■ Exercise prompt:
In the records below, the line with "Wzór na sweter" opens the range and the line with "20 Best Women's" closes it; print that range exactly and nothing else.

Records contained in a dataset
◆ ◆ ◆ ◆
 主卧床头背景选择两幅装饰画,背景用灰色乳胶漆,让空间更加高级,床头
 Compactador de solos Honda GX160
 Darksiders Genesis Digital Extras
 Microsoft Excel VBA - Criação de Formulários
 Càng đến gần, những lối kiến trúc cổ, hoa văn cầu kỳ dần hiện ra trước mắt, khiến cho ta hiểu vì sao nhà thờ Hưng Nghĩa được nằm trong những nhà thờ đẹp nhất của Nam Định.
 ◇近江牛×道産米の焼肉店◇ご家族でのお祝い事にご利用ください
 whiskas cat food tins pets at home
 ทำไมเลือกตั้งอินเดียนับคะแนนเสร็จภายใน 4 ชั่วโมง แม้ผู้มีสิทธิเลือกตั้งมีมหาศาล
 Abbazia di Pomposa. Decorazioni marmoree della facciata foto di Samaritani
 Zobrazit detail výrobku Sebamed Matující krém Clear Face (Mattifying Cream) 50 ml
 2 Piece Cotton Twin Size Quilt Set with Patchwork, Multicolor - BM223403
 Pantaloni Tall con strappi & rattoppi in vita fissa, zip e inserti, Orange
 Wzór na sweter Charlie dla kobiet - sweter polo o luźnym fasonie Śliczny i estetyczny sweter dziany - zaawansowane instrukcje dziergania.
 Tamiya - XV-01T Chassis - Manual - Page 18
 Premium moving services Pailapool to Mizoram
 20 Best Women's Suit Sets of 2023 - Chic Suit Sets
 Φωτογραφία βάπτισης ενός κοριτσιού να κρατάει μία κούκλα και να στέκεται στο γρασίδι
◆ ◆ ◆ ◆
■ Answer section:
 Wzór na sweter Charlie dla kobiet - sweter polo o luźnym fasonie Śliczny i estetyczny sweter dziany - zaawansowane instrukcje dziergania.
 Tamiya - XV-01T Chassis - Manual - Page 18
 Premium moving services Pailapool to Mizoram
 20 Best Women's Suit Sets of 2023 - Chic Suit Sets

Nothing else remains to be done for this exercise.